The Black Maria, the third poetry collection by award-winning poet Aracelis Girmay, explores the concept of blackness through space and time. As a color, black is defined as devoid of light, but Girmay’s poetry seeks to acknowledge blackness in its many forms by bringing black stories into the light. Black bodies of water coincide with black bodies of history that have crossed dark seas or died making the journeys. Regarding contemporary blackness and its unmistakable connection to violence, the term “the black maria” functions as a larger allegory for black bodies dehumanized by police. Girmay explores ways and circumstances black bodies (of many kinds) become mistaken for something else. This book conceptualizes the need to include black bodies in our remembrances and find ways to honor them.

In the first section, Girmay takes an interest in the sounds of the seas and heritage, as evidenced in her created word and poem title “elelegy.” In her footnote to this title, she describes her conjured word as a means “to place itself in both the English elegiac tradition and the ulalatory traditions of grieving and joy in cultures of North and East Africa.” Girmay establishes symbolic uses for punctuation marks as bodies of history.

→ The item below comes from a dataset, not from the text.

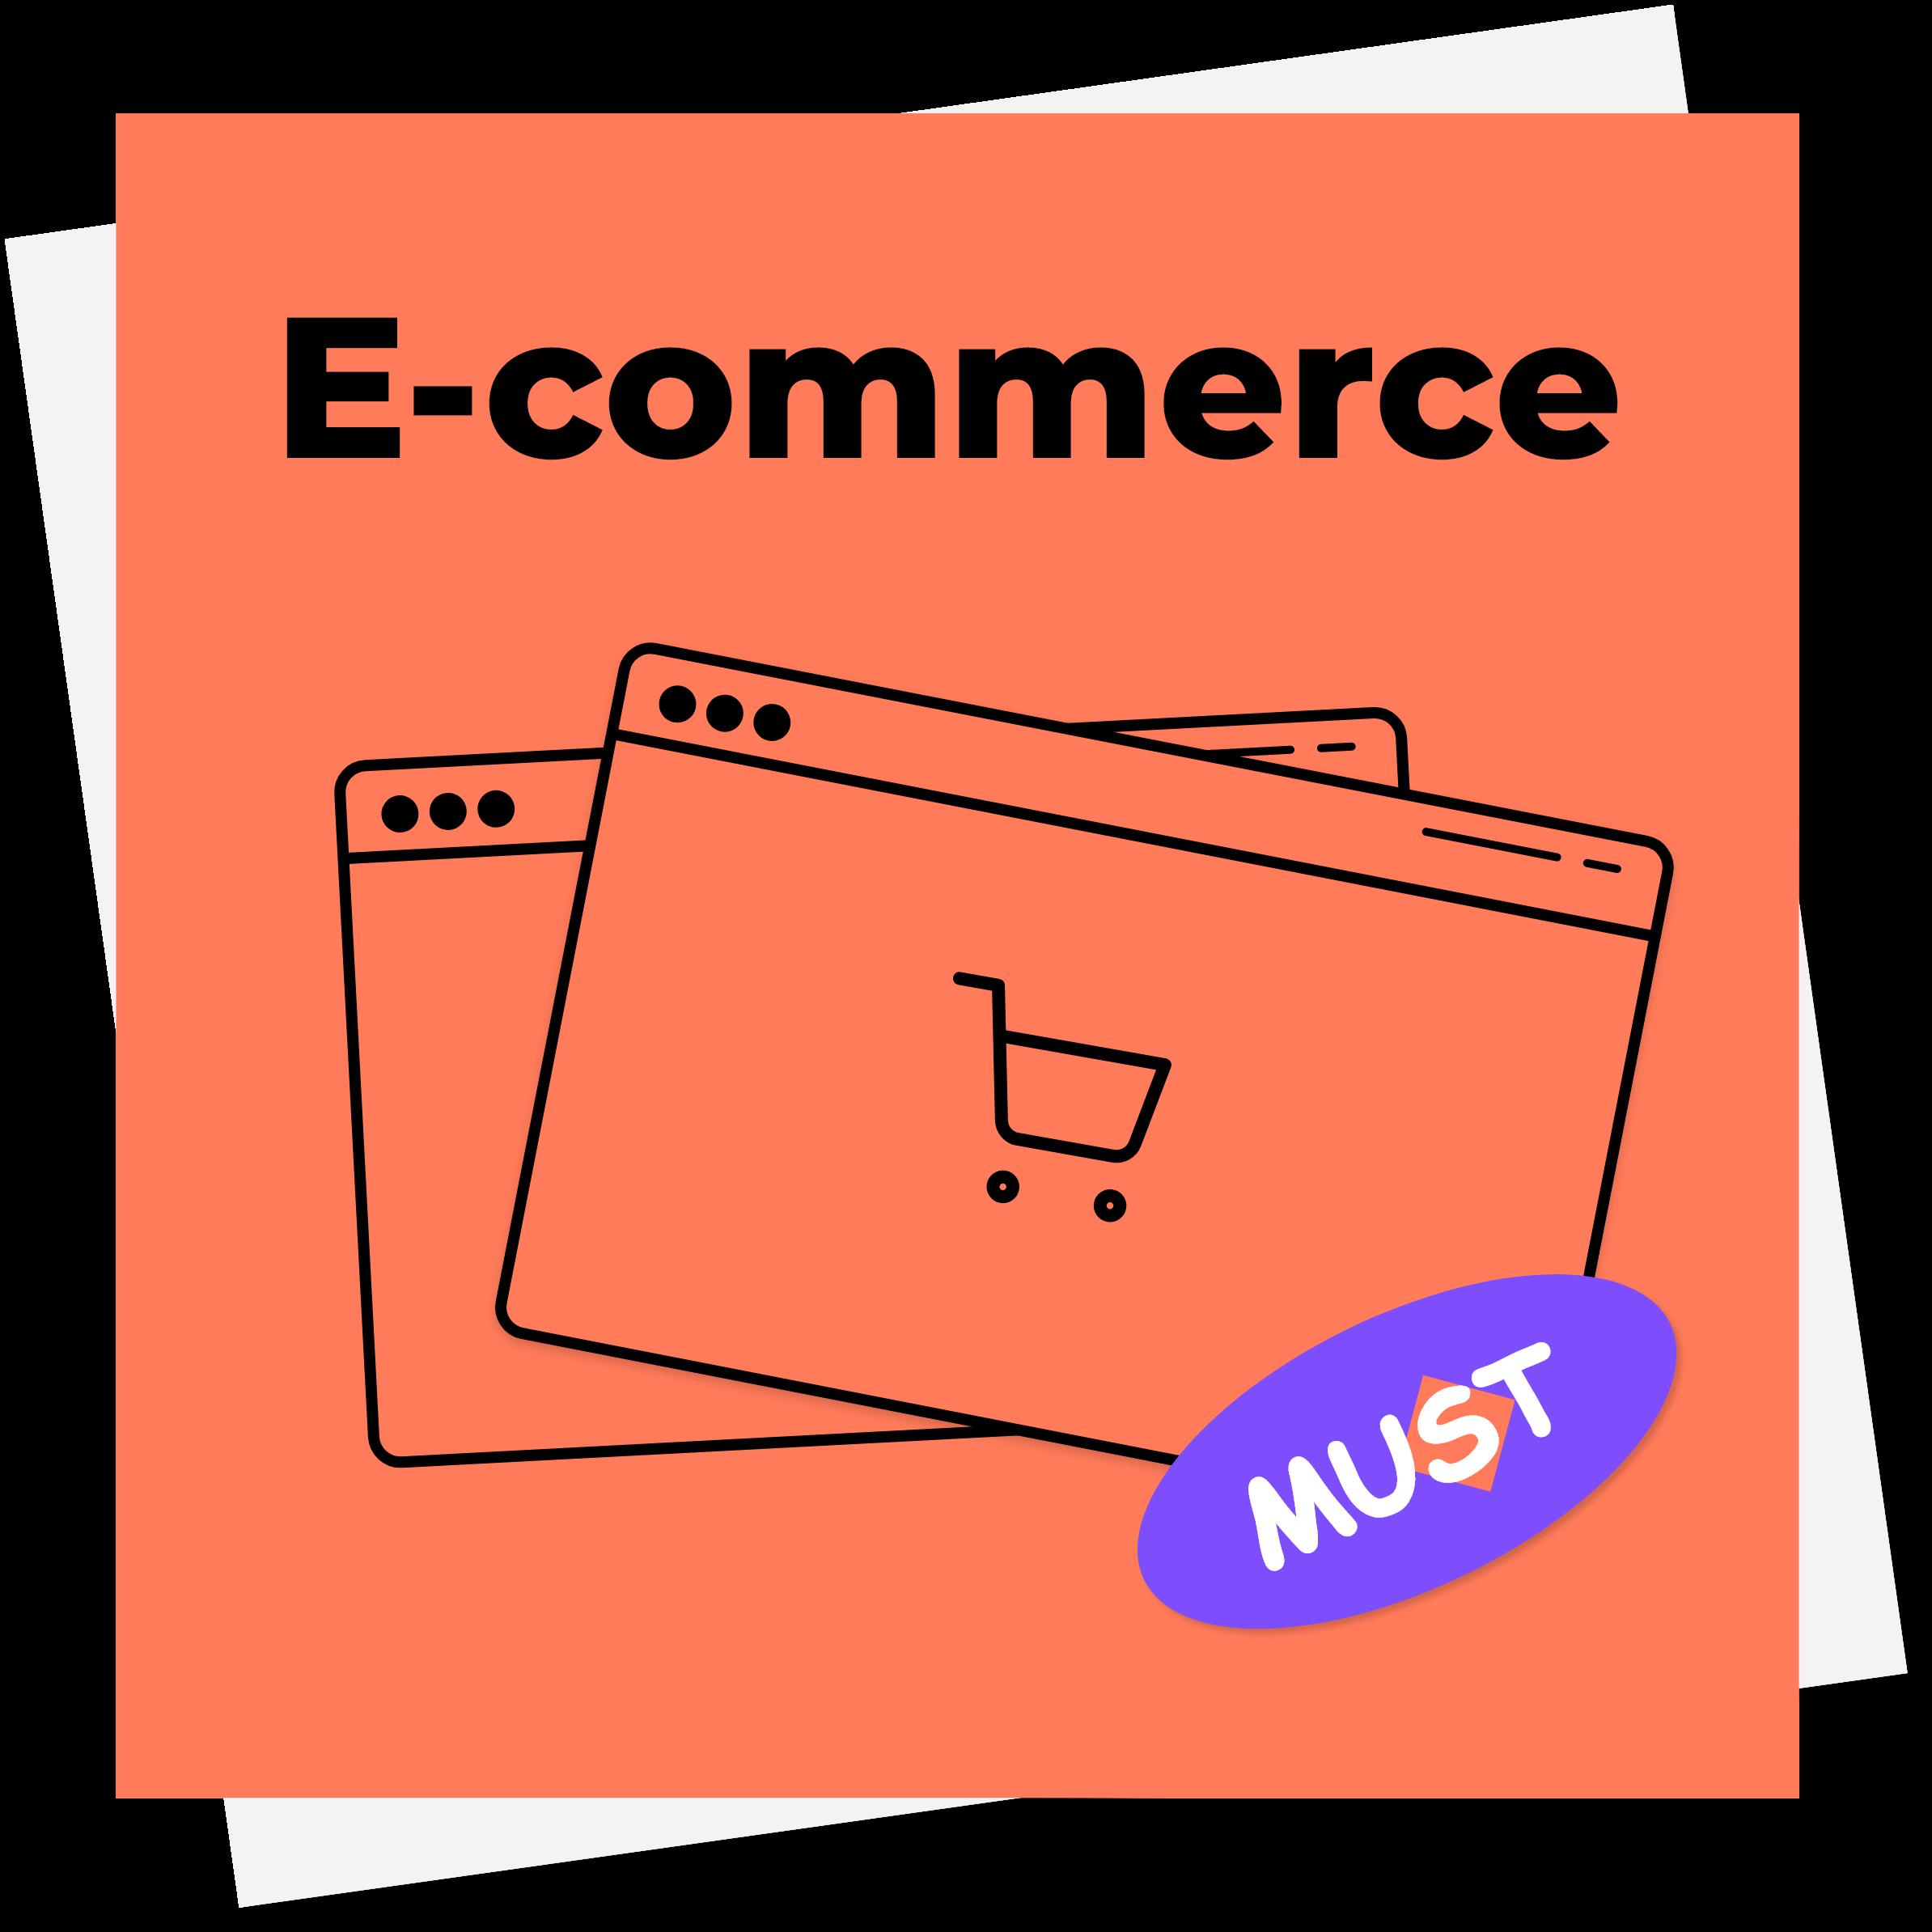 El momento del e-commerce de ámbito local

In the poem “to the sea (any),” the periods function as reminders, like dots punctured on a map of the African trade route to immortalize those who crossed or died at sea: “I mark, obsessively, / the route, / the family-piercing / of the map in place after place . . . a series of holes scar the paper with space / nearly flooded by you.” In between stanzas, the sea is demarcated by lines either in the form of slashes or em dashes. In “to the sea near lampedusa,” the lines are interrupted by commas, some directly after a word or lingering between stanzas:

for the eyes we closed for safety & distance for       ’ the freedom we wasted on things   ’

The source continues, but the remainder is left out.